Interactive Ohm's Law Calculator

Set any two of voltage, current, and resistance and watch the third solve itself with V = I × R. A live circuit lights a bulb whose brightness tracks the power.

Solve for
VR3.6 W

V = I × R  →  6 V = 0.6 A × 10 Ω

Voltage
6 V
Current
0.6 A
Resistance
10 Ω
Power (P = V × I)
3.6 W

Voltage 6 volts, current 0.6 amps, resistance 10 ohms, power 3.6 watts. Solving for current.

What Ohm’s law says

Ohm’s law is the workhorse equation of every electric circuit. It ties three quantities together:

V = I × R

Because the three are linked, knowing any two pins down the third. Rearranging the same equation gives I = V ÷ R and R = V ÷ I. Use the “Solve for” buttons in the widget to pick which one you want the circuit to compute, then drag the two sliders and watch the answer update instantly.

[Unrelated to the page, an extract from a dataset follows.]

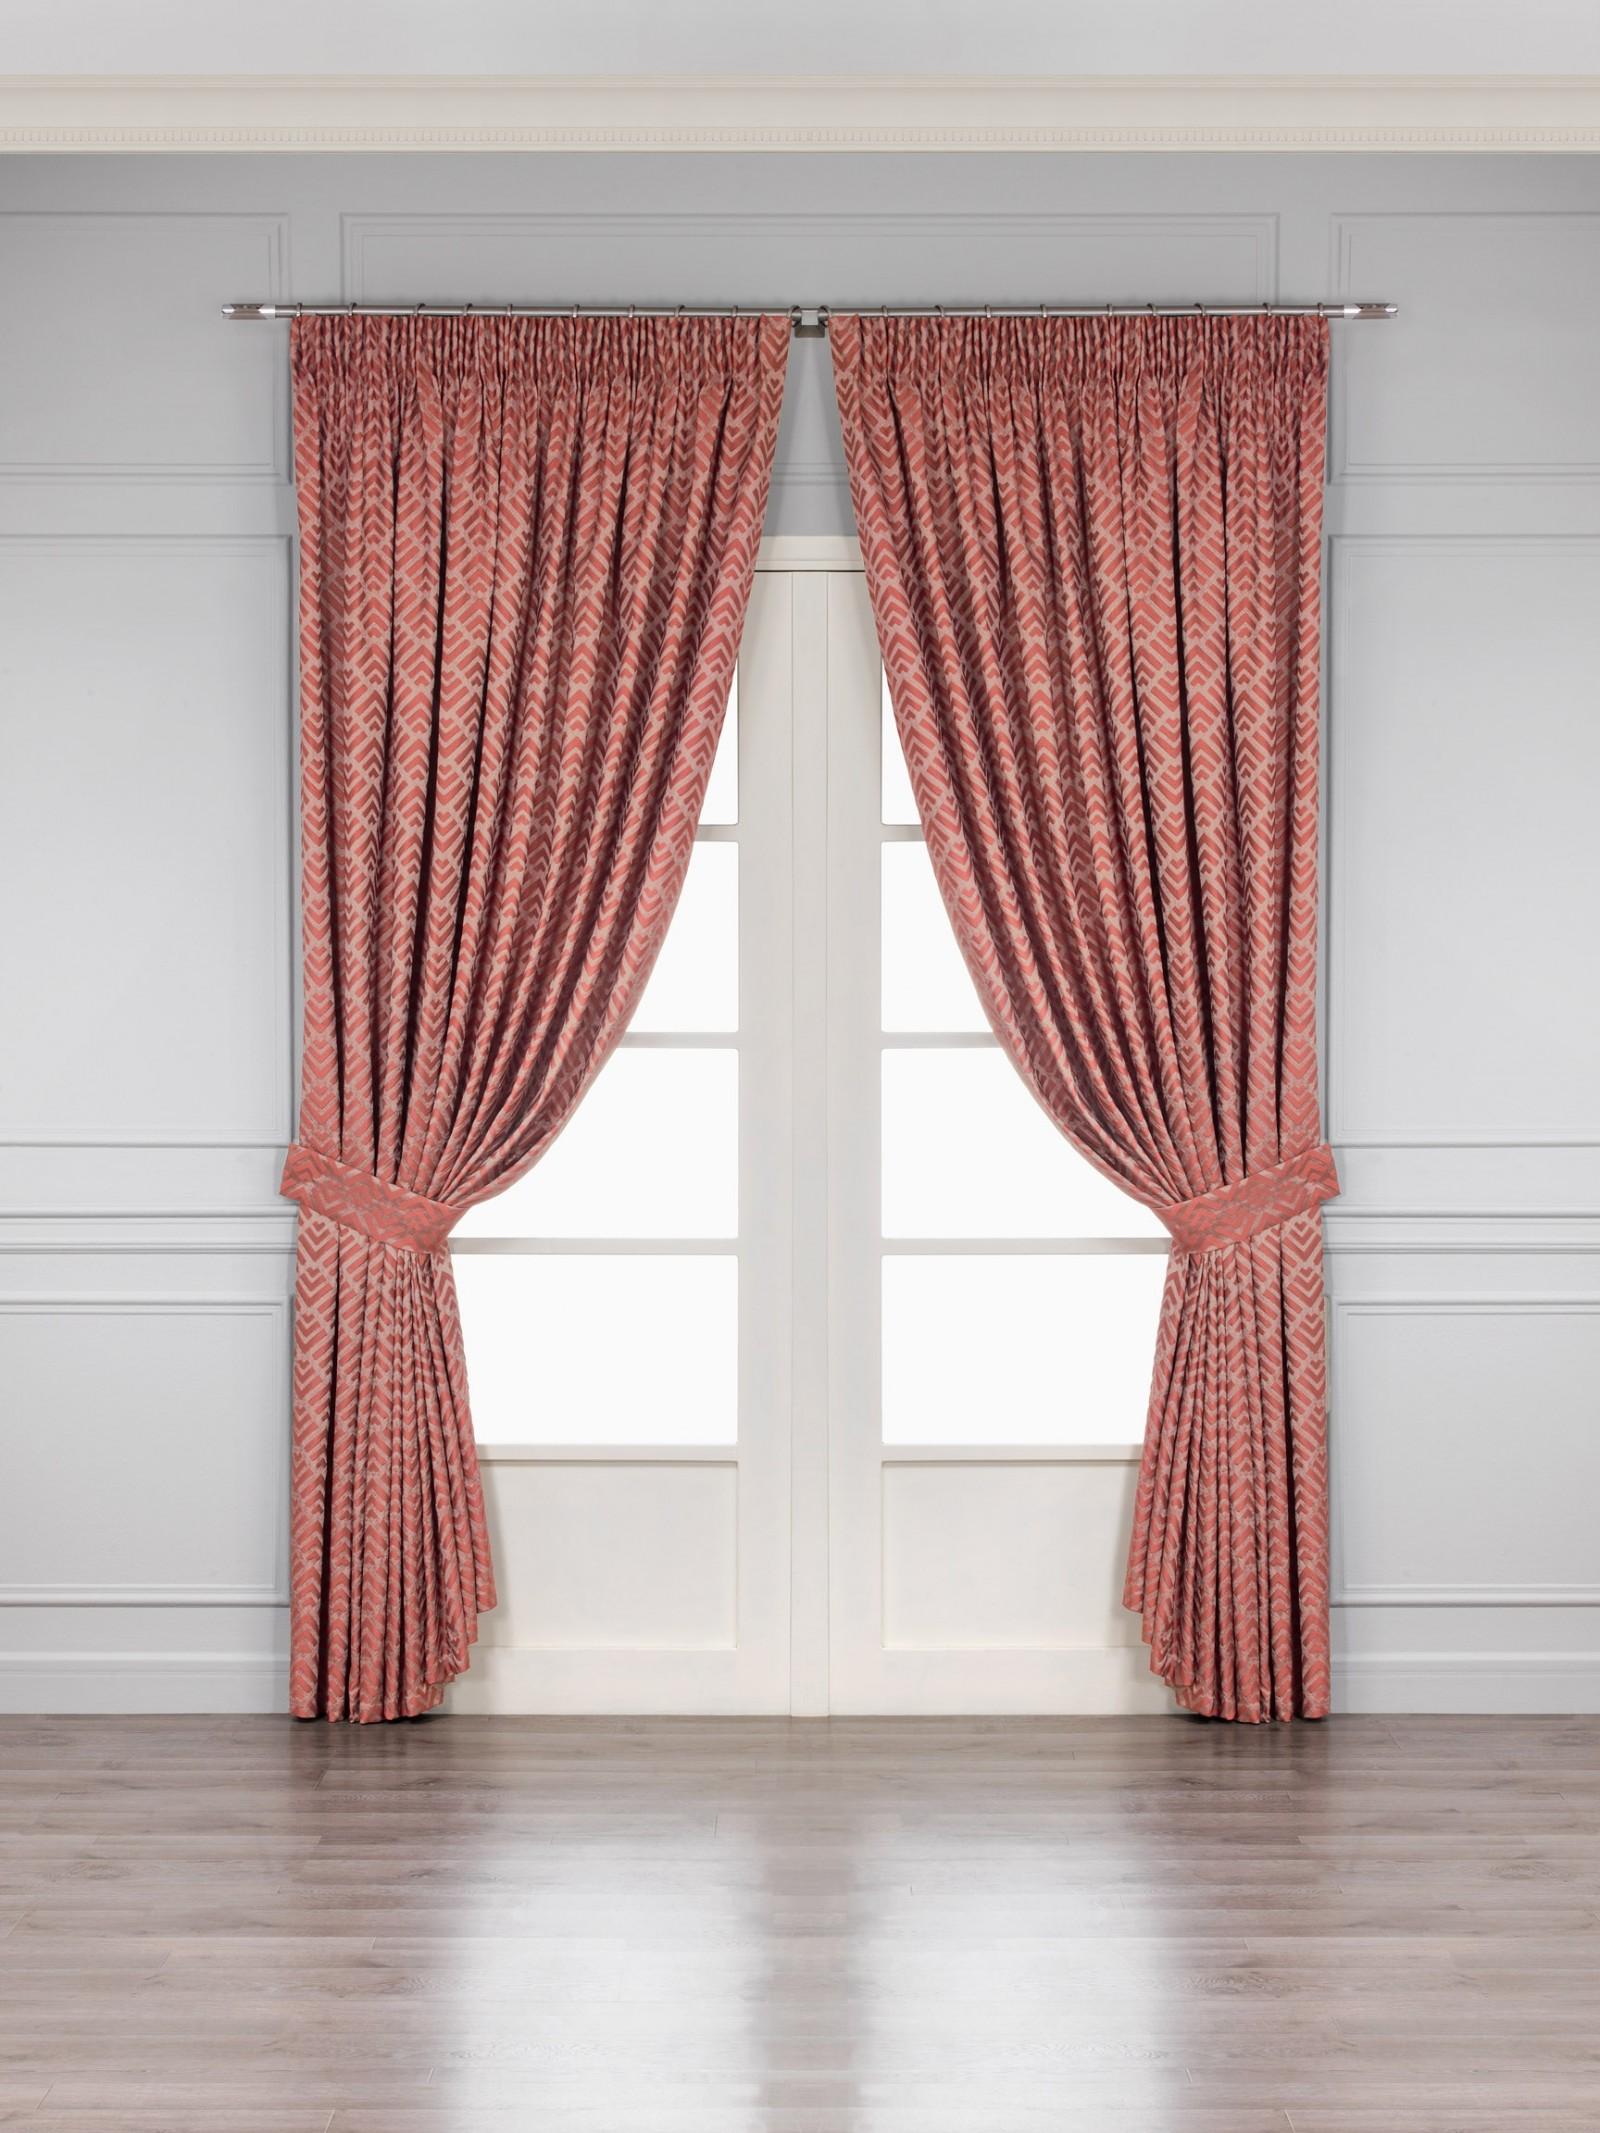 Купить Шторы Togas, Классические шторы Брукс Цвет: Бордовый, Греция, Портьерная ткань
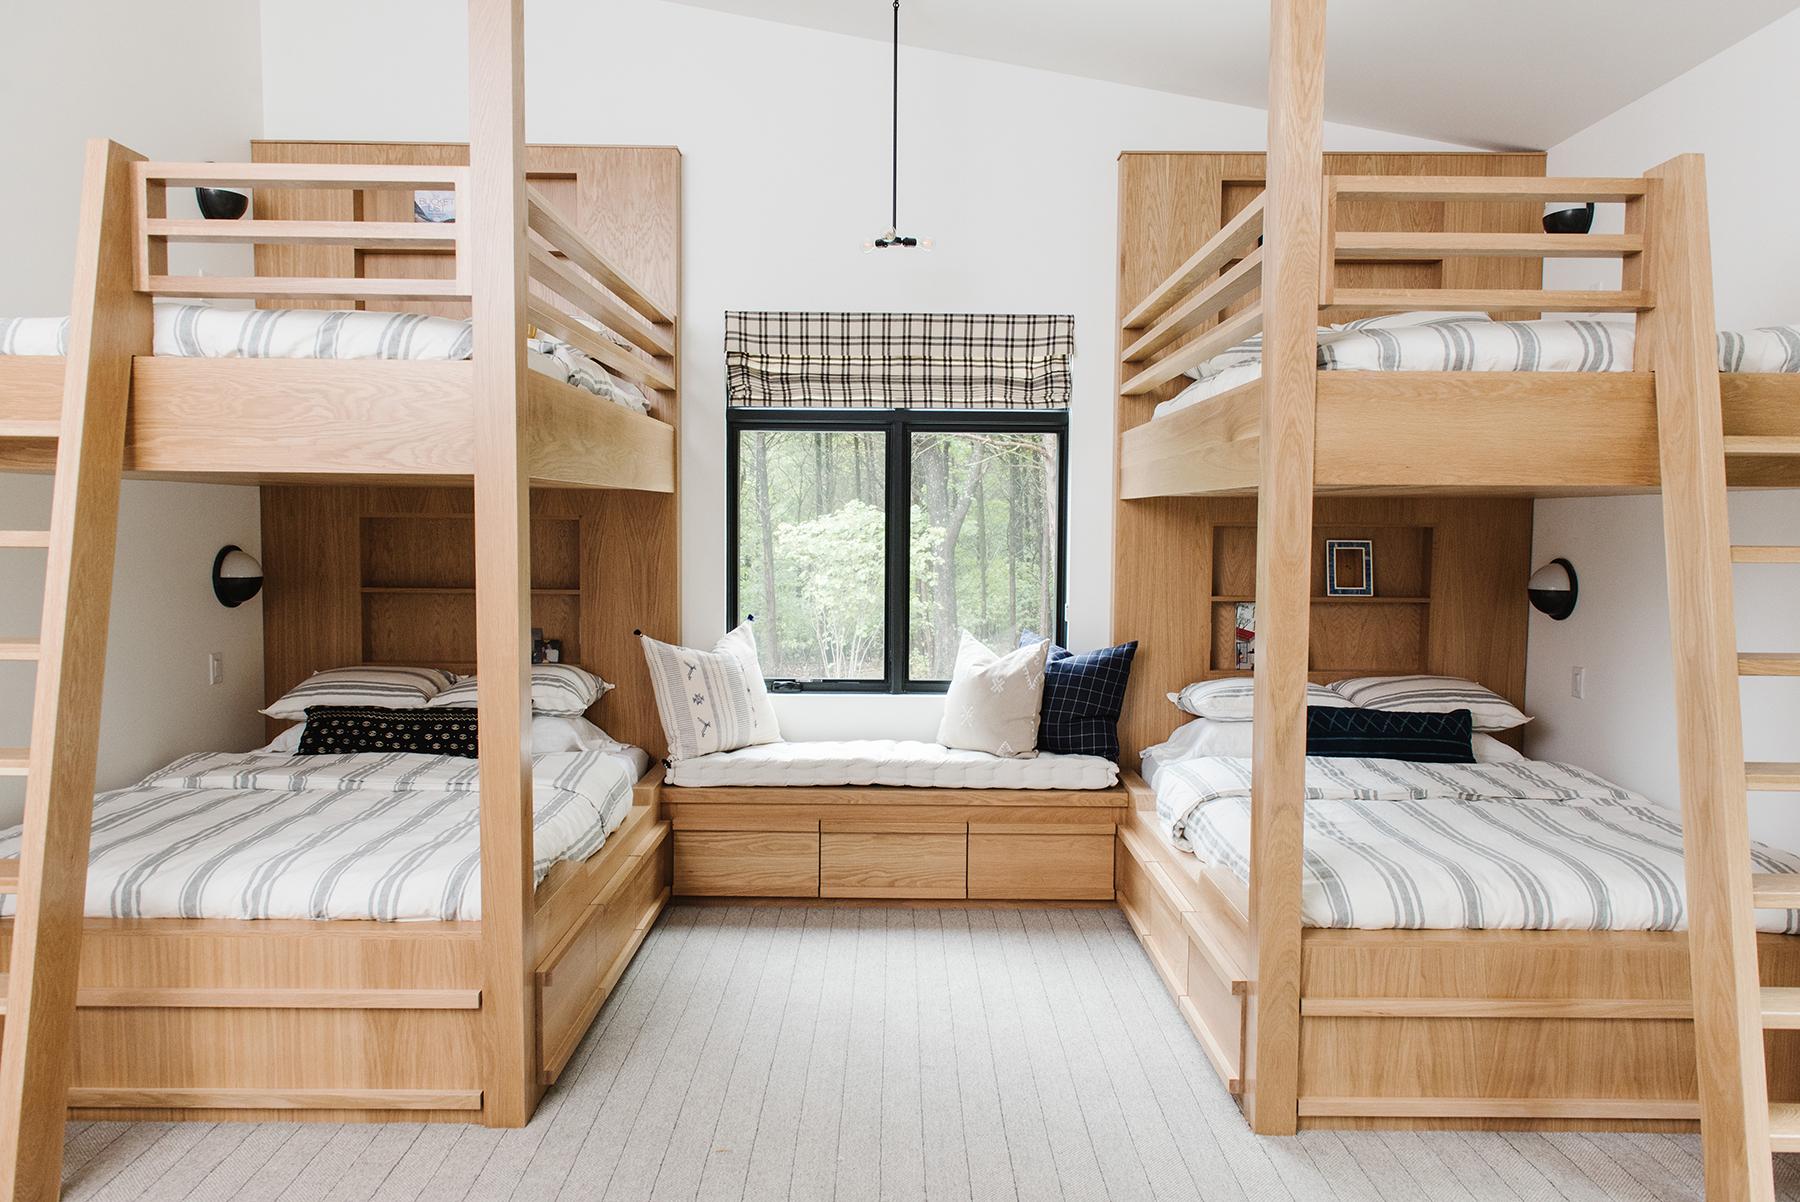 studio-mcgee-bunkbed-tips04.jpg

Power and the glowing bulb

Voltage and current together set the electrical power a component uses:

P = V × I (in watts, W)

Power is the rate at which electrical energy is converted into other forms — heat and light in a bulb, motion in a motor. In the interactive, the light bulb’s glow brightens as the power rises, so you can see the difference between a dim, low-power circuit and a bright, high-power one. Try holding the resistance steady and raising the voltage: current climbs, and the bulb gets noticeably brighter because power grows with the square of the voltage when resistance is fixed.

A worked example

With V = 6 V and R = 10 Ω, current is I = 6 ÷ 10 = 0.6 A, and the power is P = 6 × 0.6 = 3.6 W. Double the voltage to 12 V (same resistance) and the current doubles to 1.2 A while the power quadruples to 14.4 W — a great way to show students why high-power devices draw so much.

Using this with a class

Project the widget and call out a target — “make the bulb as bright as you can with the resistance fixed at 20 Ω” — or give two values and have students predict the third before they release the slider. It’s free to embed on a class site or LMS page.